> **WHAT TO DO**
Print every line below exactly. Skip the pictures.

> **INFORMATION SUPPLIED**

= = = = = = =

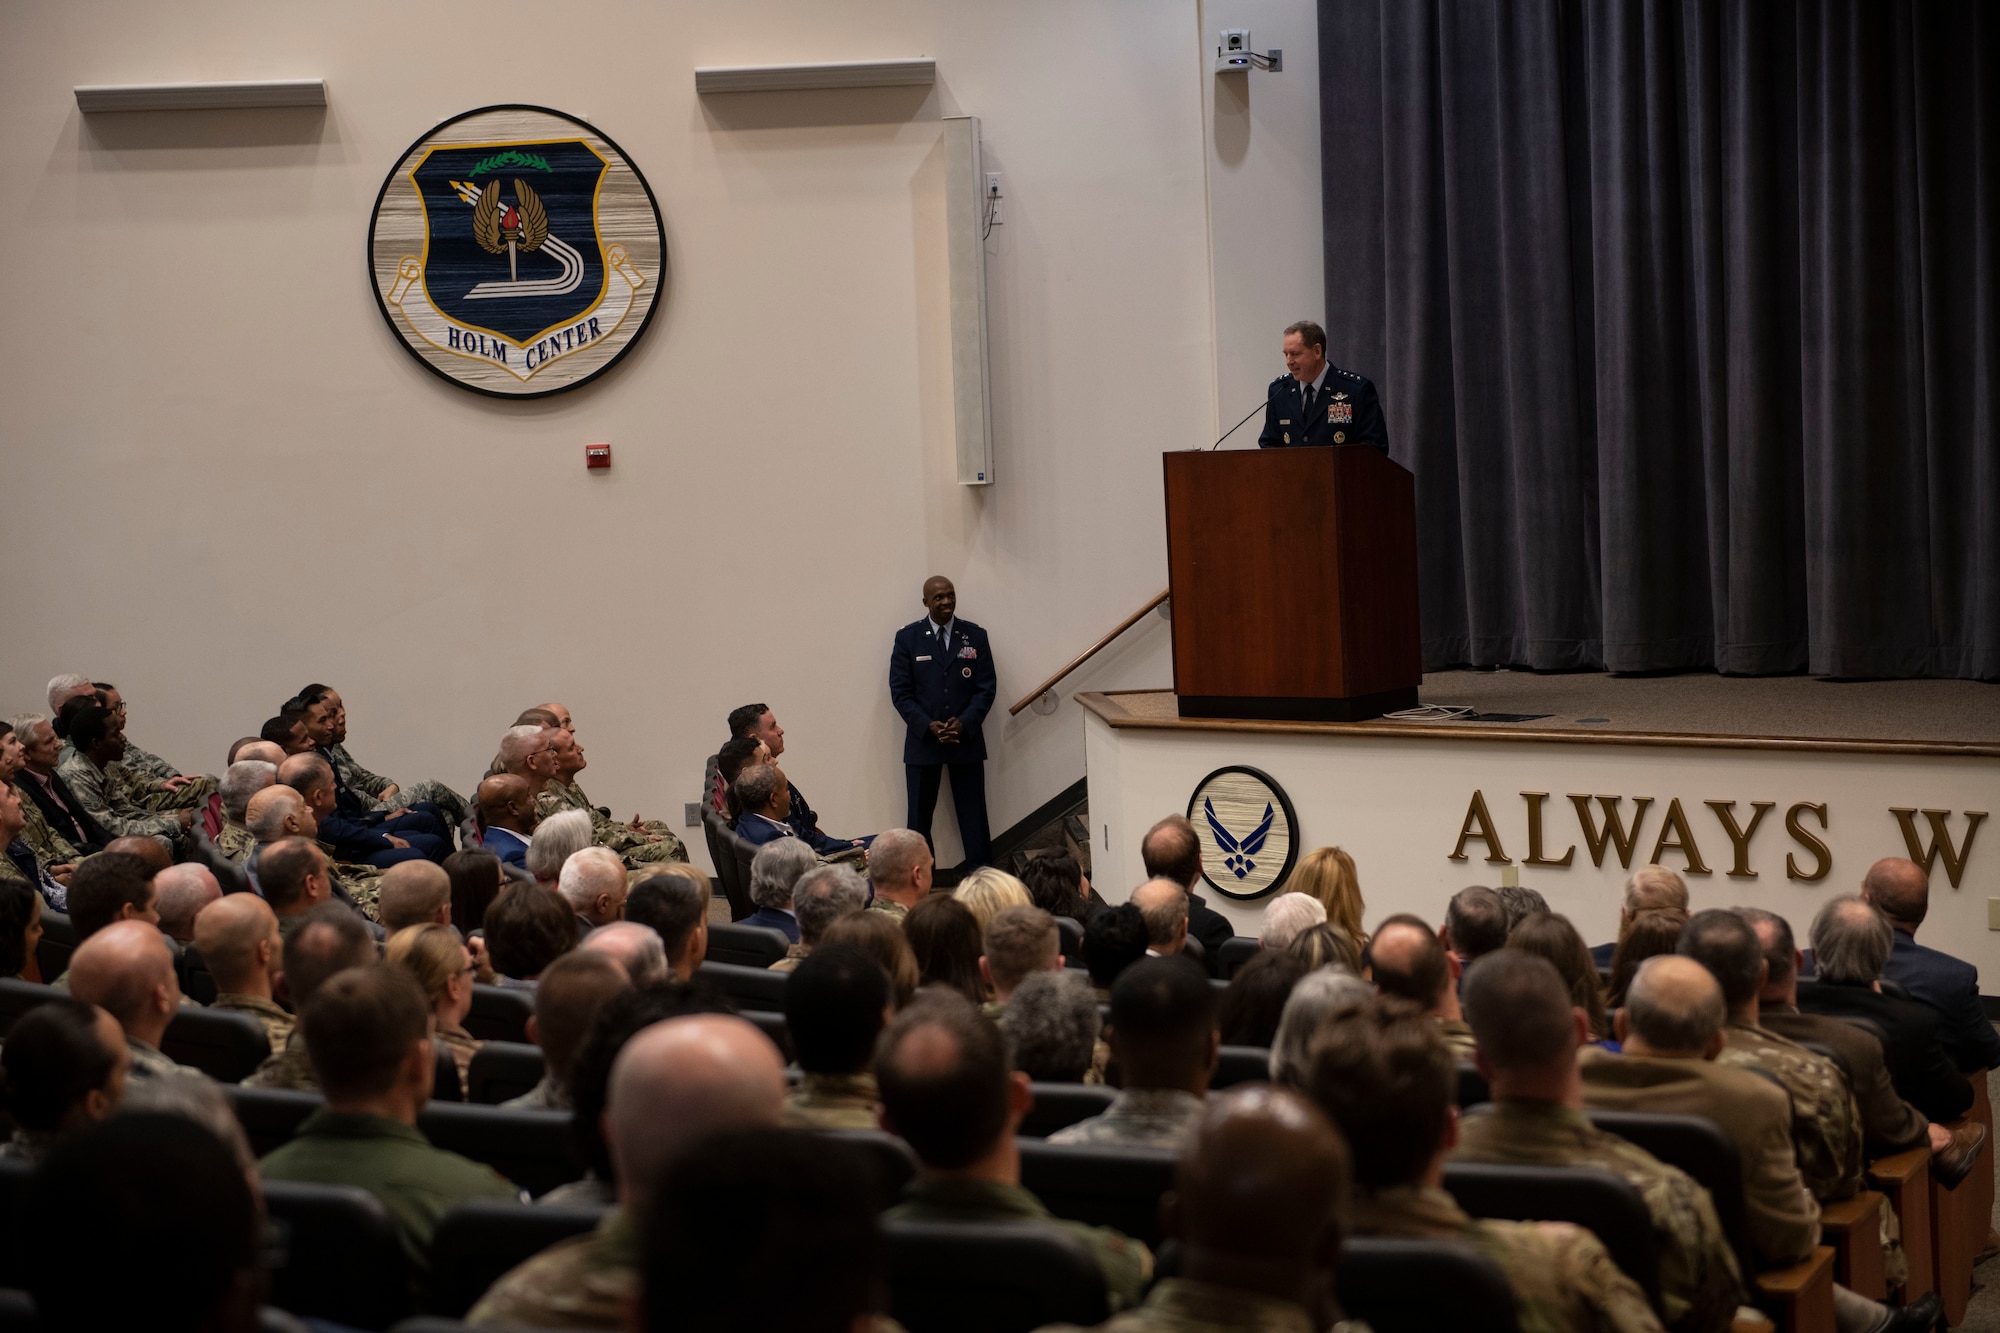 Lt. Gen. Brad Webb, commander of Air Education and Training Command, addresses the audience during an assumption of command ceremony in which Lt. Gen. James B. Hecker takes over as the commander and president of Air University Nov. 22, 2019, at Maxwell Air Force Base, Alabama. The AU is responsible for officer commissioning through Officer Training School and the Reserve Officer Training Corps.
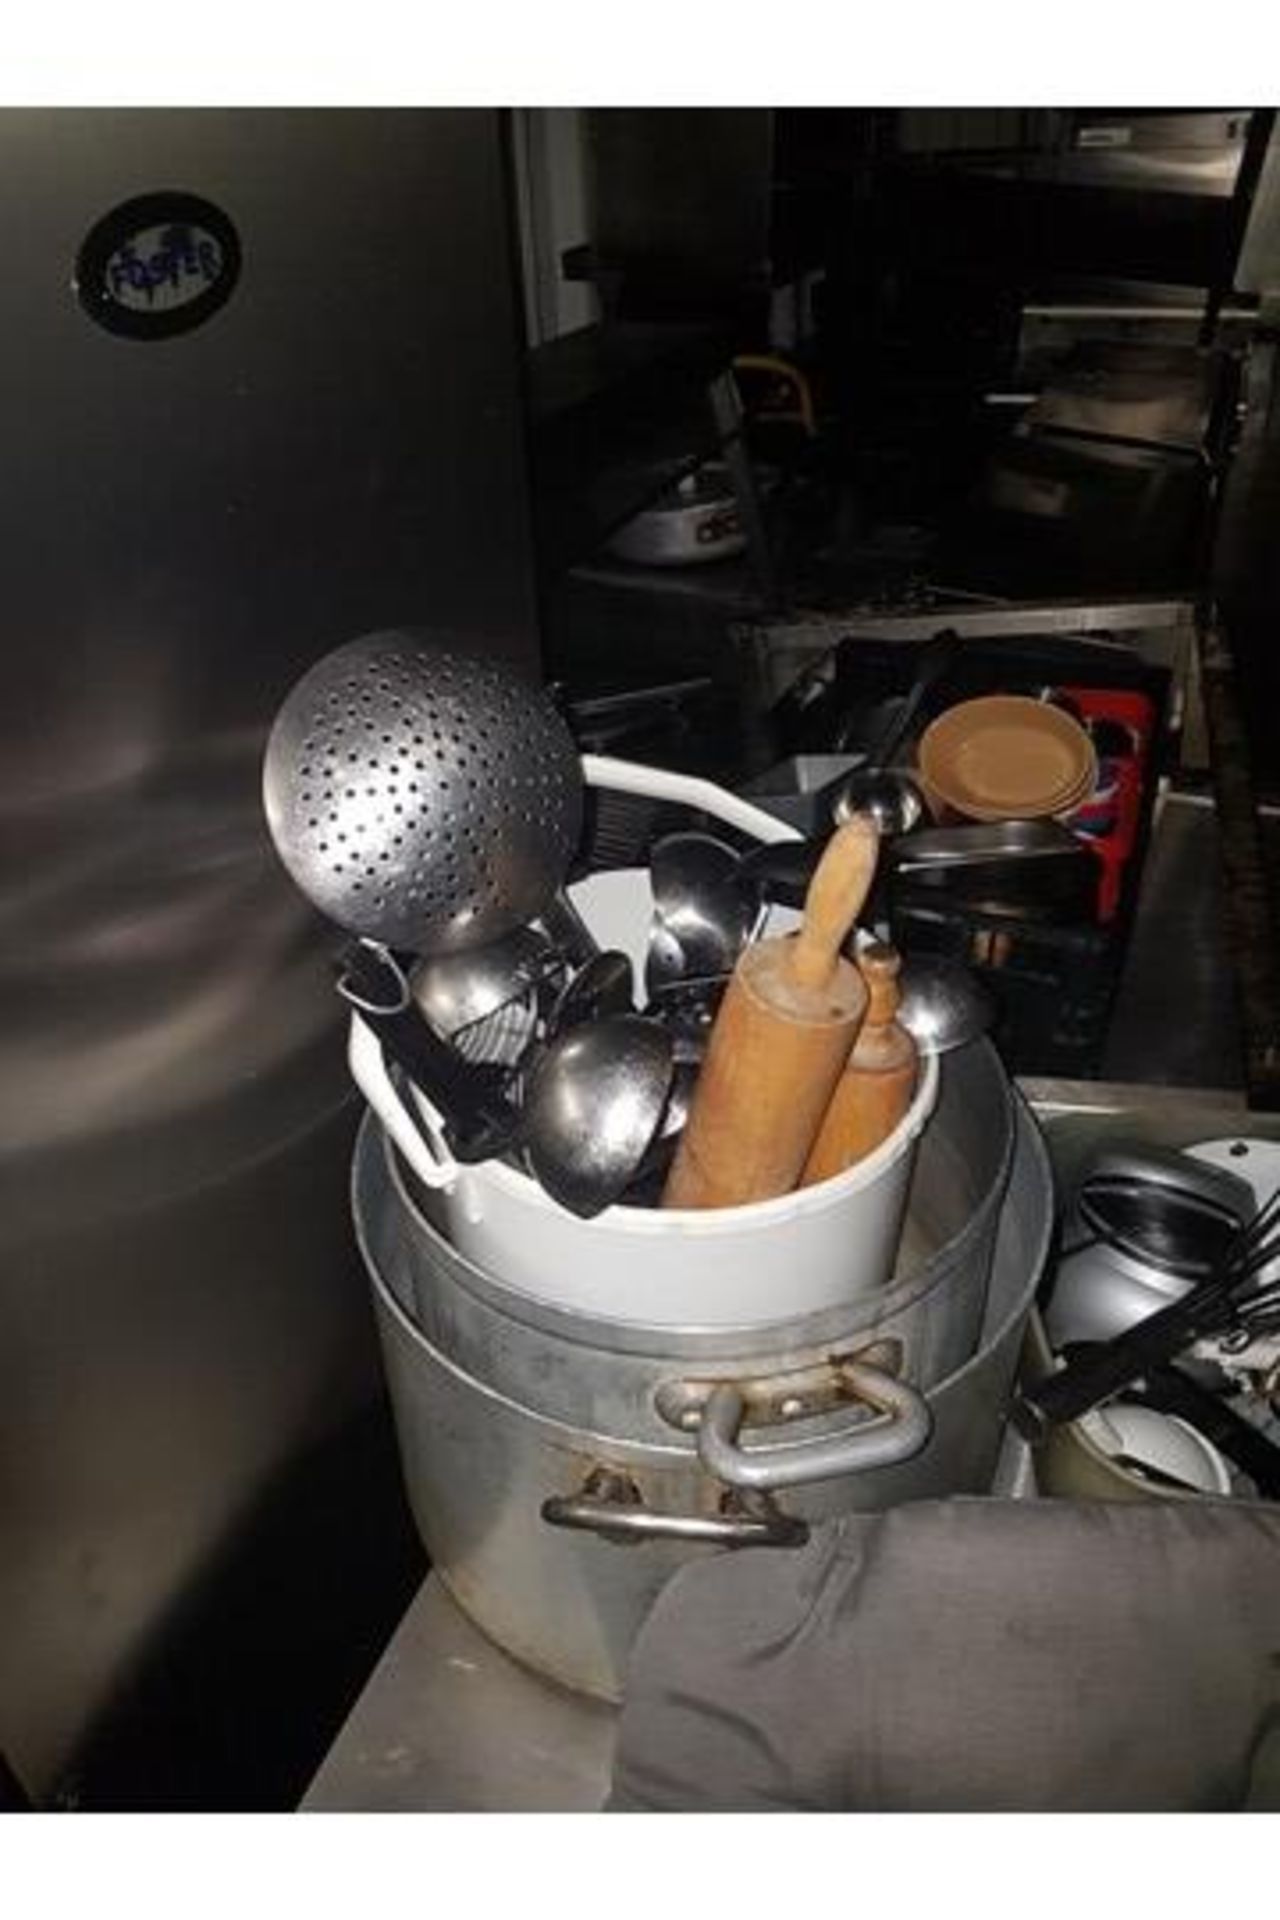 x 2 Stainless Steel Pans and Utensils - Image 2 of 2
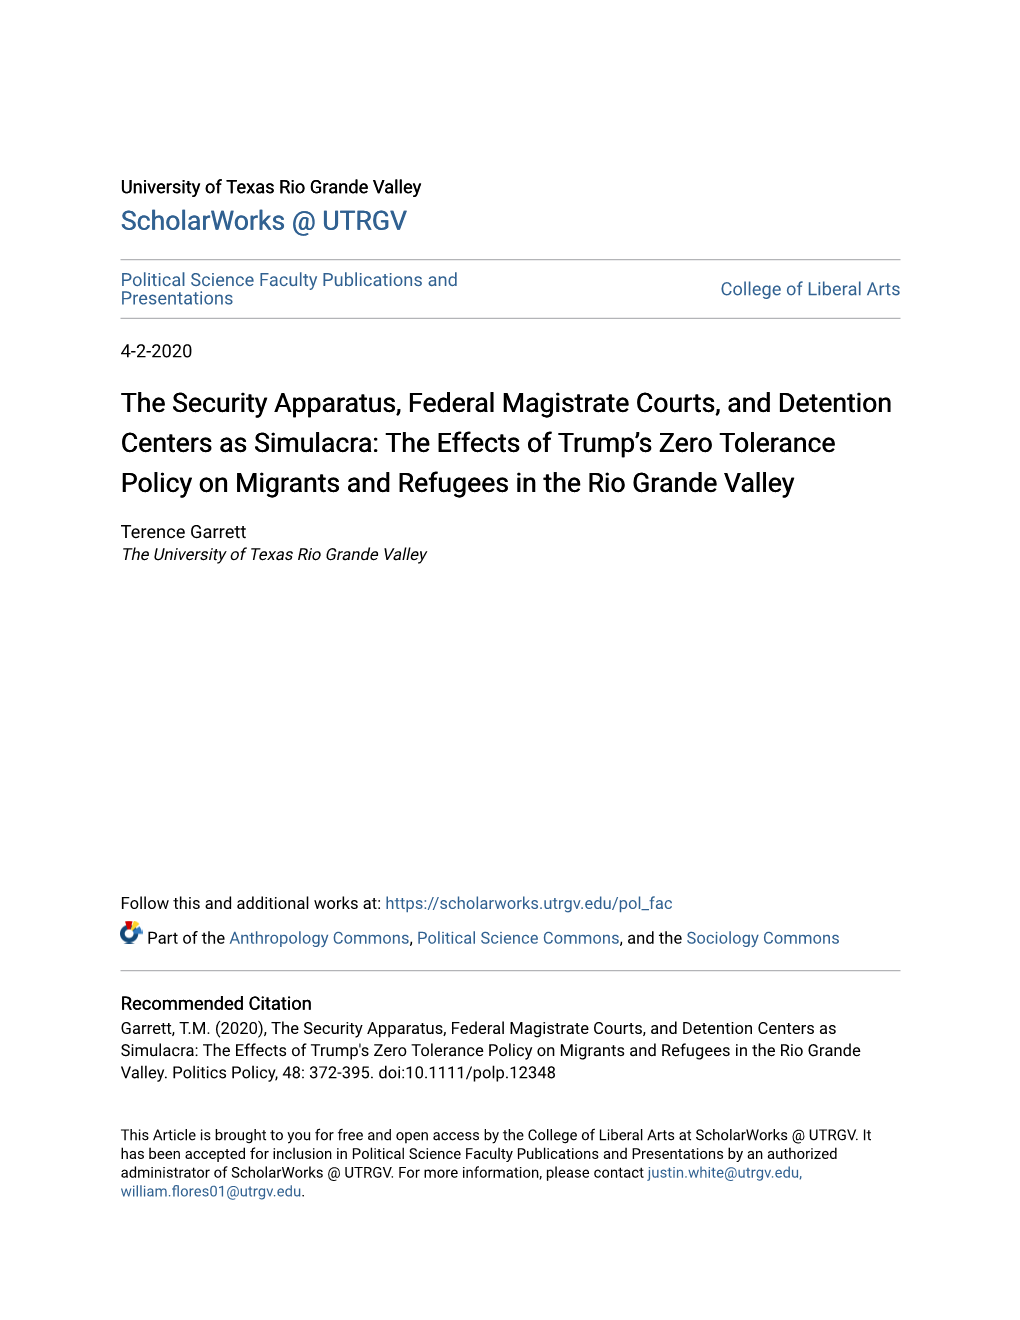 The Security Apparatus, Federal Magistrate Courts, and Detention

= = = = = = =

> **ANSWER SECTION**
 Lt. Gen. Brad Webb, commander of Air Education and Training Command, addresses the audience during an assumption of command ceremony in which Lt. Gen. James B. Hecker takes over as the commander and president of Air University Nov. 22, 2019, at Maxwell Air Force Base, Alabama. The AU is responsible for officer commissioning through Officer Training School and the Reserve Officer Training Corps.
 x 2 Stainless Steel Pans and Utensils - Image 2 of 2
 The Security Apparatus, Federal Magistrate Courts, and Detention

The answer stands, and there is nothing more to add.